Сомнительно, что из этого что-нибудь выйдет, но попытаться-то мы можем".
Поэтому в апреле 1965 года я взялся за перо. Происходило это на фоне плохо
вылеченного воспаления легких. Но было также и следствием смрадного
обстрела, которому я подвергался в своем руководящем кресле. Я задумался: а
почему я, собственно говоря, занимаюсь этим? Почему меня это интересует. Не
сыграл ли театр свою роль до конца? Не взяли ли другие силы на себя задачу
искусства? У меня имелись веские причины для подобного рода размышлений.
Дело было не в отвращении к собственной профессии. Хотя я человек
невротического склада, мое отношение к профессиональной работе всегда
отличалось поразительным отсутствием всяких неврозов. Я обладал способностью
запрягать демонов в танк. Они были вынуждены приносить пользу. И в то же
время наедине мудрили меня и сбивали с толку. Директор блошиного цирка, как
известно, дозволяет артистам сосать свою кровь. Итак, я пребывал в
Софияхеммет. Постепенно я стал понимать, что моя деятельность в качестве
руководителя театра мешает творчеству. Я гонял двигатель на высоких
оборотах, и двигатель изрядно растряс кузов. Посему требовалось написать
нечто такое, что избавило бы меня от ощущения ничтожности и топтания на
месте. Это эмоциональное состояние довольно точно отражено в наблюдении,
записанном мной при получении голландской премии Эразма.

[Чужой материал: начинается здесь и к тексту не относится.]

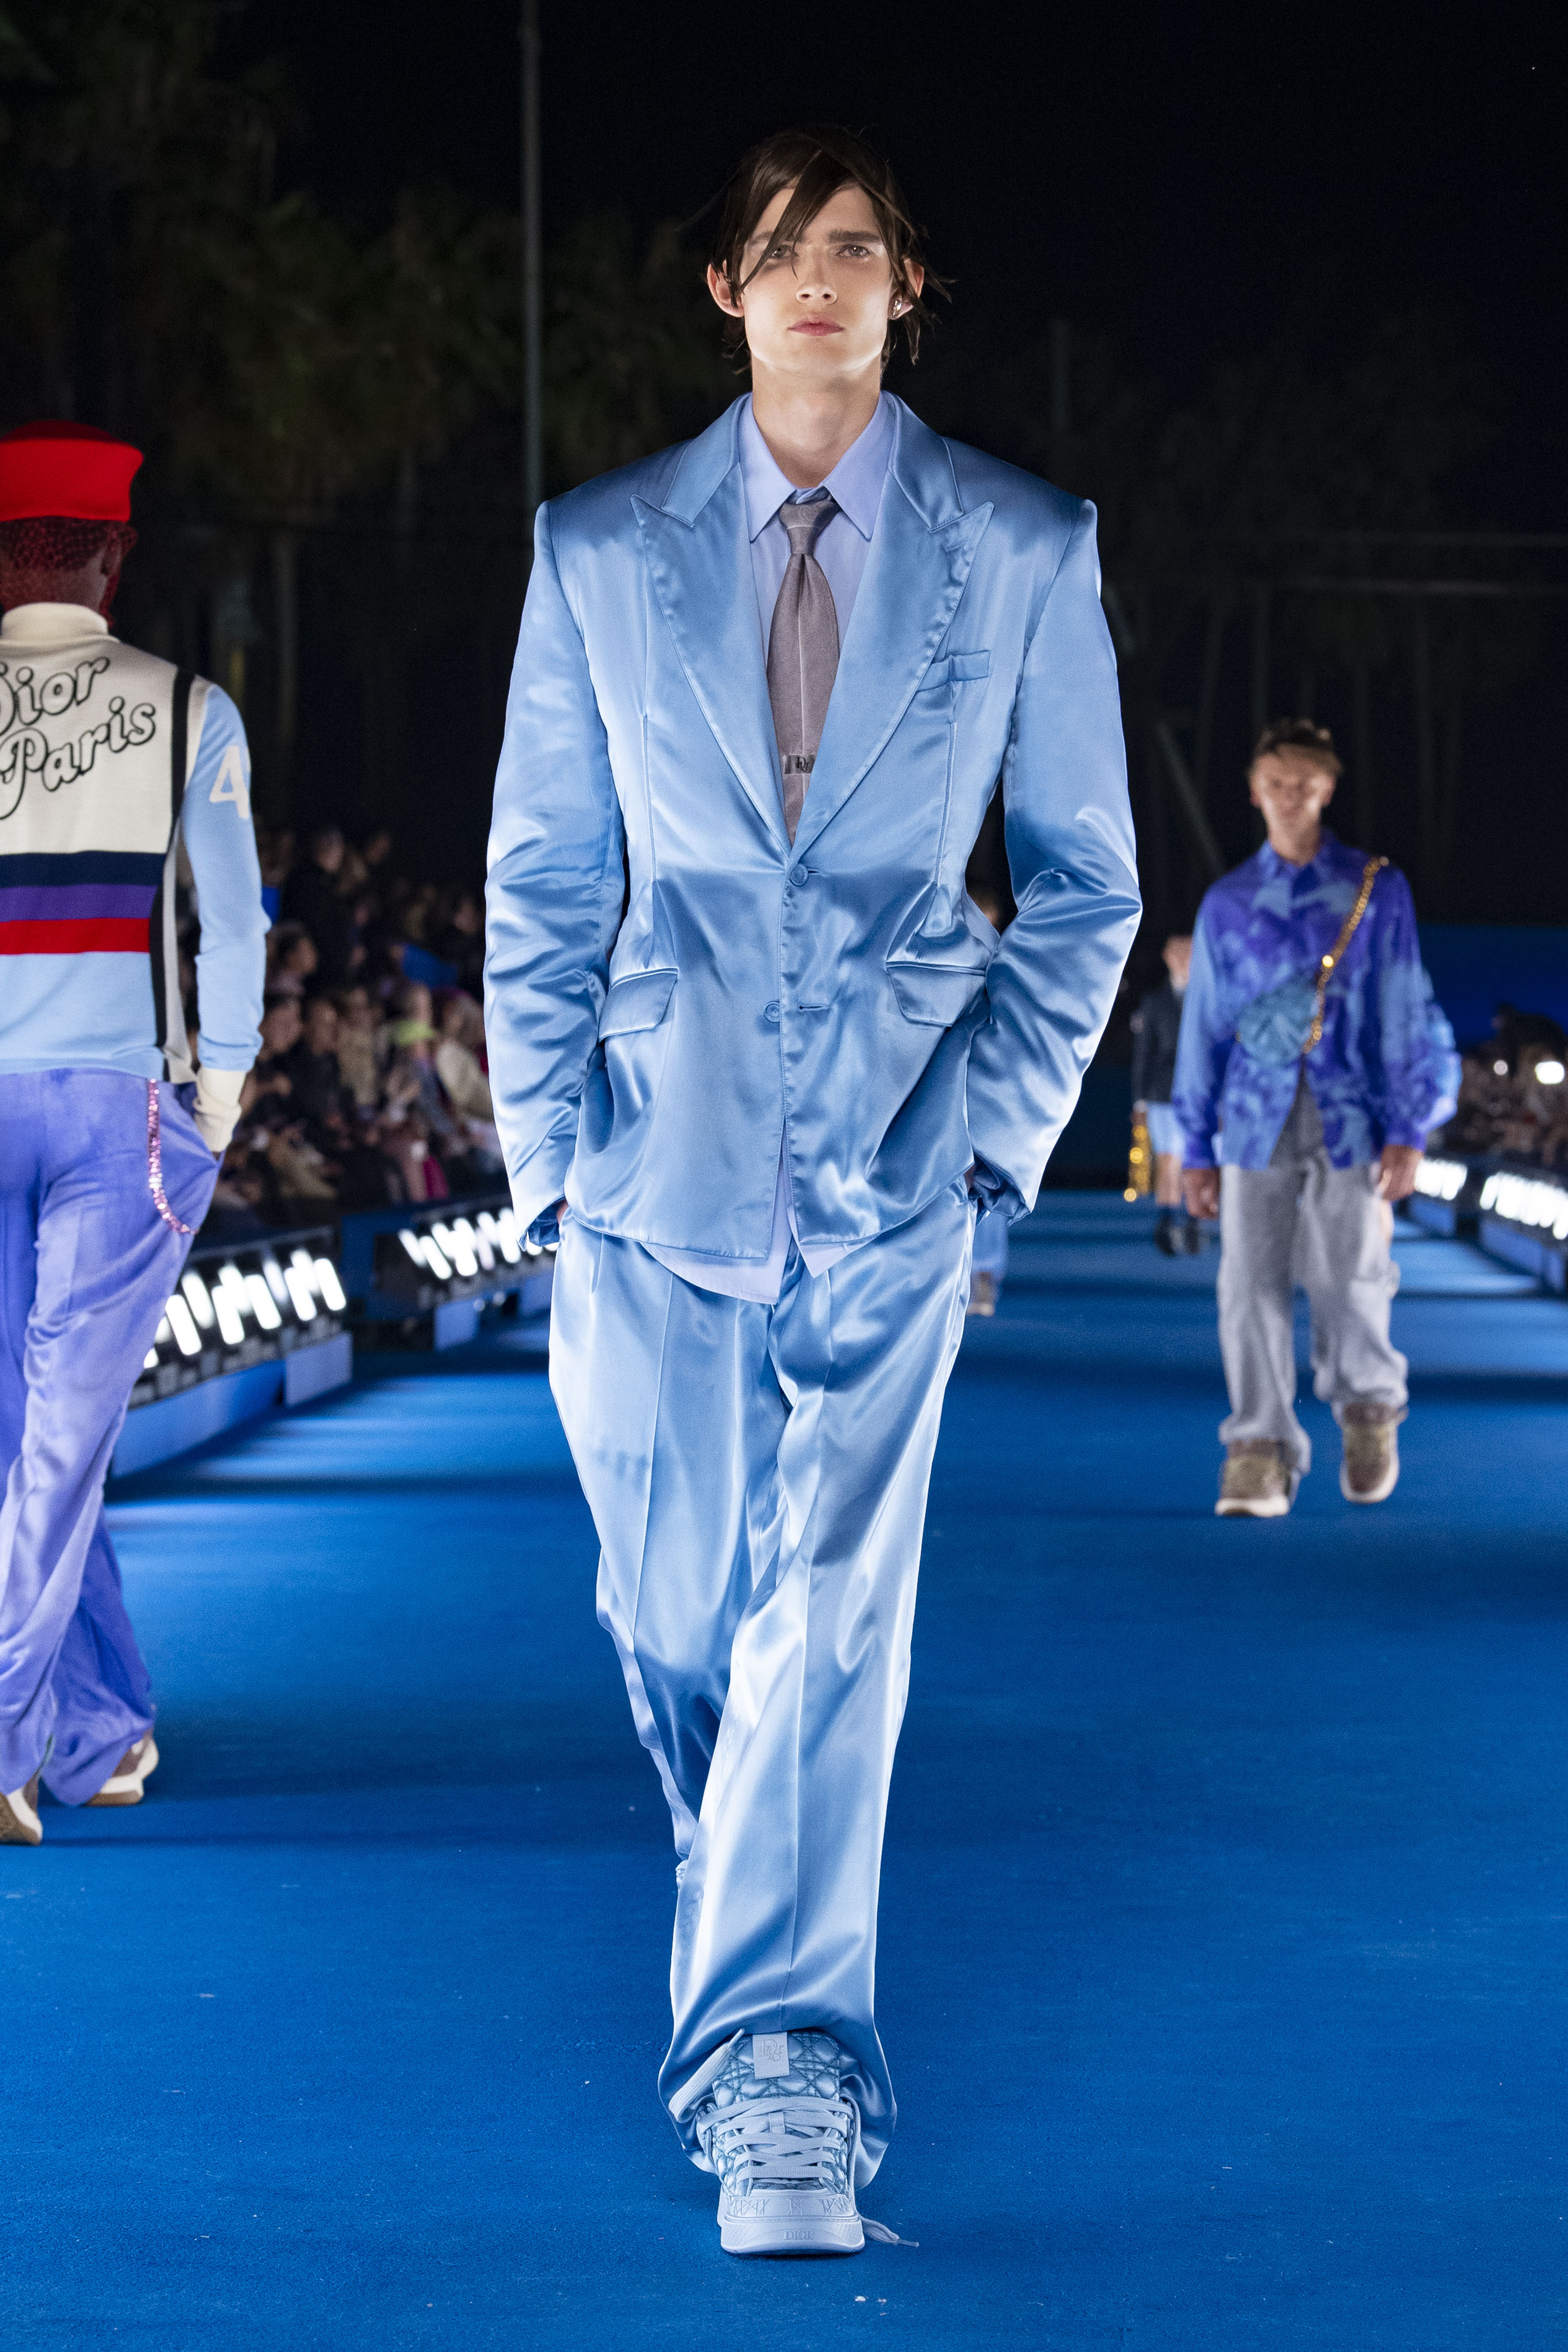 I saw a million ideas all at once': Dior Men's Kim Jones and

Я назвал этот опус "Змеиная кожа" и опубликовал как предисловие к
"Персоне": Художественное творчество у меня всегда выражалось в чувстве
голода. С тихим удовольствием отмечая эту потребность, я ни разу за всю свою
сознательную жизнь не задался вопросом, почему возникает этот настойчиво
требующий удовлетворения голод. Теперь, в последние годы, когда эта
потребность пошла на убыль, мне представляется нужным выяснить причины моей
деятельности.
По ранним детским воспоминаниям я непременно должен был
продемонстрировать, чего добился: успехи в рисовании, умение стукнуть мячом
о стенку, первые гребки в воде. Помню, я чувствовал сильнейшую потребность
обратить внимание взрослых на эти проявления моего присутствия в мире. Я
всегда считал, что окружающие меня люди выказывают слишком мало интереса к
моей персоне. Когда действительности оказывалось недостаточно, я принимался
фантазировать и развлекал ровесников невероятными историями о моих тайных
подвигах. То была опасная ложь, которая неизменно опровергалась трезвым
скепсисом окружающих. В конце концов, я вышел из общего круга, сохранив мир
грез для себя одного. Довольно скоро ищущий общения, одержимый фантазиями
ребенок превратился в оскорбленного, изворотливого мечтателя. Но праздный
мечтатель является художником только в своих мечтах. То, что моим способом
выражения станет кинематограф, было вполне самоочевидно. Я достигал
понимания на языке, обходившемся без слов, которых мне не хватало, без
музыки, которой я не владел, без живописи, которая меня не трогала. Внезапно
у меня появилась возможность общаться с окружающим миром на языке, идущем
буквально от сердца к сердцу путями, чуть ли не сладострастно избегающими
контроля интеллекта.
С долго сдерживаемой детской жадностью я набросился на своего медиума и
двадцать лет без устали, в каком-то неистовстве передавал сны, чувственные
переживания, фантазии, приступы безумия, неврозы, судороги веры и
беззастенчивую ложь. Мой голод был неутолим. Деньги, известность и успех
были поразительными, но в основе своей безразличными для меня результатами
этого буйства. Этим я вовсе не хочу умалить того, что у меня случайно
получилось. Искусство как самоудовлетворение может, безусловно, иметь
определенное значение - в первую очередь для художника. Таким образом, если
быть до конца откровенным, я воспринимаю искусство (не только киноискусство)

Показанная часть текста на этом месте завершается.